• "Tarihi canlı bir savaş alanı, bir ideolojik çatışma bölgesi olmaktan kurtarmamız lazım"

Lefke’den Mektuplar – XXVII

blog-post-image
Bülent Ecevit Lefke Bölgesinde…

Kıbrıs Türkü bağımsızlığını kazanmak için çok mânialardan geçti. Aç kaldı, susuz kaldı, barınmasız kaldı, güvenlik sorunu yaşadı. Yılmadı. Silah bulamadı, ilkel silahlarla mücadele verdi. Zorluklar içinde silah üretmesini bildi. Lideriyle, aydınıyla, önderleriyle bir oldu, birlik oldu.

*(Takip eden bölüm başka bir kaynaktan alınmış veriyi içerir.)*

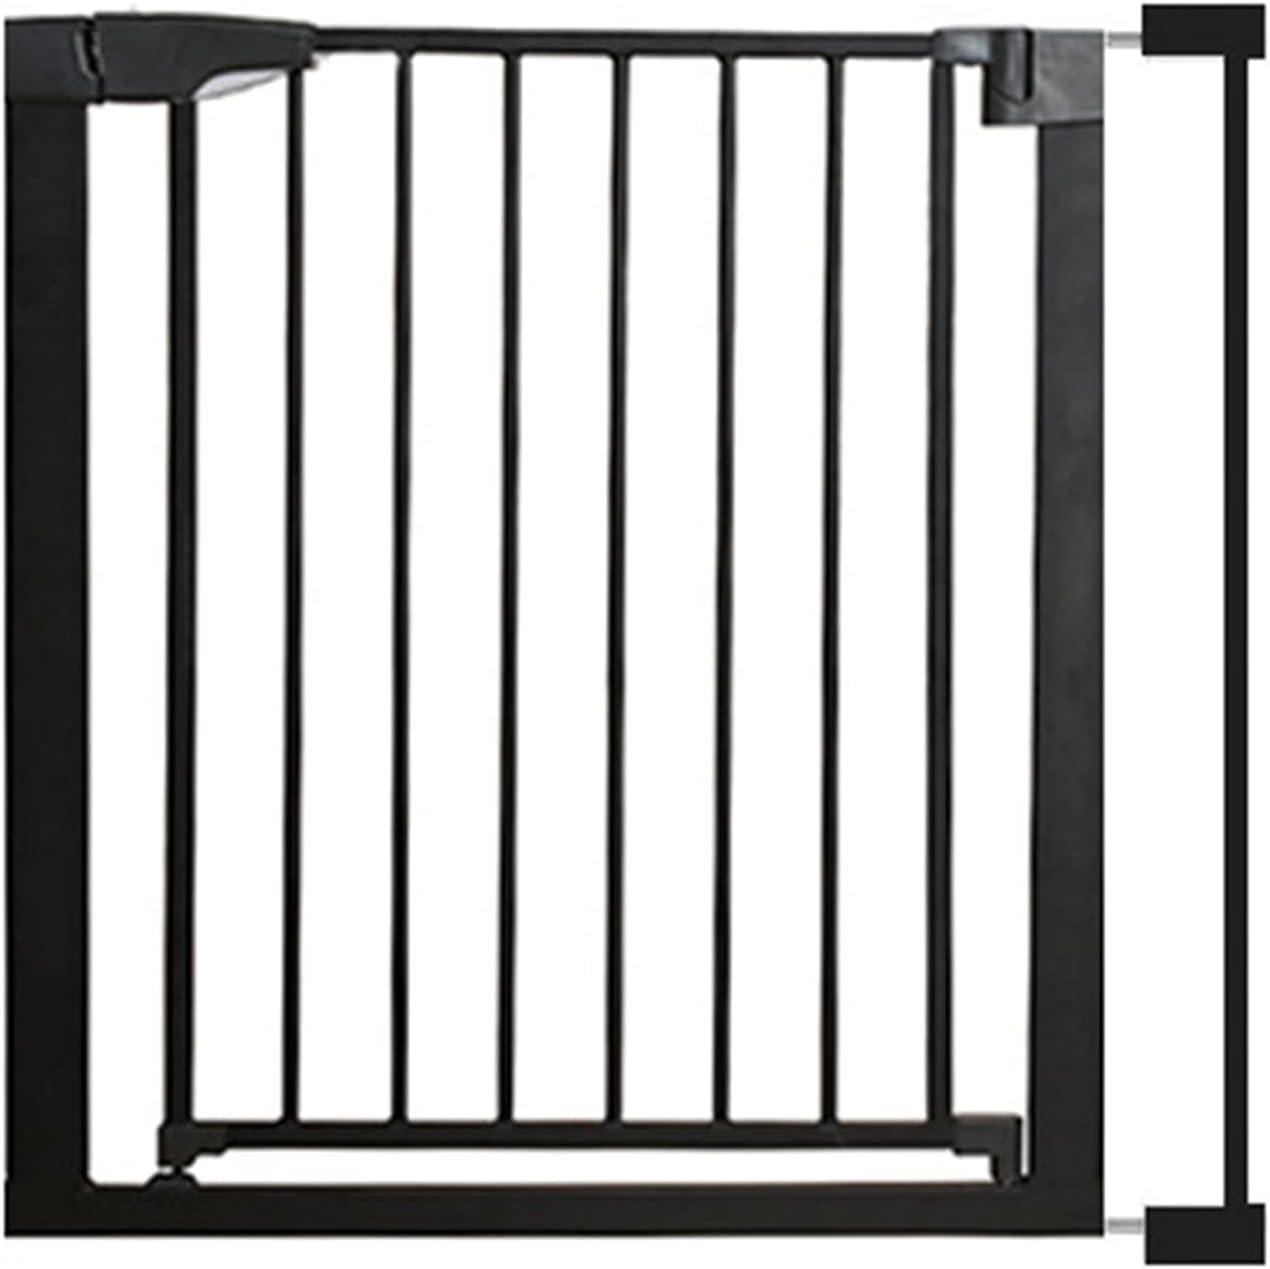 Barrera Seguridad Puerta de Bebé para Escaleras y Portales, Puerta de Escalera Metálica con Extensión, Cierre Automático de Doble Bloqueo - Puerta de Seguridad Interior

Gün geldi “boğazı sıkıldı” “nefes alamaz” oldu. Yüzünü Kuzey’e tuttu, doğa kanunlarına aykırı olarak oradan “güneşin doğmasını” bekledi. Bu bekleyişiyle, “bekledim de gelmedin” türküsünü radyolarında seslendiren Rumlar dalga geçti. Ha bugün, ha yarın, ha bu sabah, ha bu akşam diye diye günler, aylar, yıllar geçti. Kıbrıs Türkü üzüldü ama bir gün geleceğine inandığı kardeşleri için bekleyişini sürdürdü. Ve bir sabah uyandığında hasretini çektiği uçak sesini, özlediği Mehmetçiğinin çıkartma haberini duydu. “Bir gece ansızın gelebilirim” diyen kanı bir, canı bir kardeşleri sözlerini tutup gelmişlerdi. Kıbrıs’taki soydaşlarına karşı uygulanan vahşeti durdurmak ve ayrıca barışı getirmek için Türkiye Cumhuriyeti Temmuz ve Ağustos 1974’te Ada’ya çıkartma yapmıştı. Artık Mücahitle Mehmetçik el ele vermişti. Başbakan Bülent Ecevit’in, “Biz adaya barışı götürüyoruz” diye başlayan konuşması tüm dünyada yankılandığı gibi Kıbrıs’a da ulaşmıştı.

Kıbrıslı Türkler yıllarca çektikleri acıdan sonra oluşan yeni güvenli durumdan memnunlardı. Artık güven içinde yaşayabilir, bağımsız devletlerini ilan edebilirlerdi.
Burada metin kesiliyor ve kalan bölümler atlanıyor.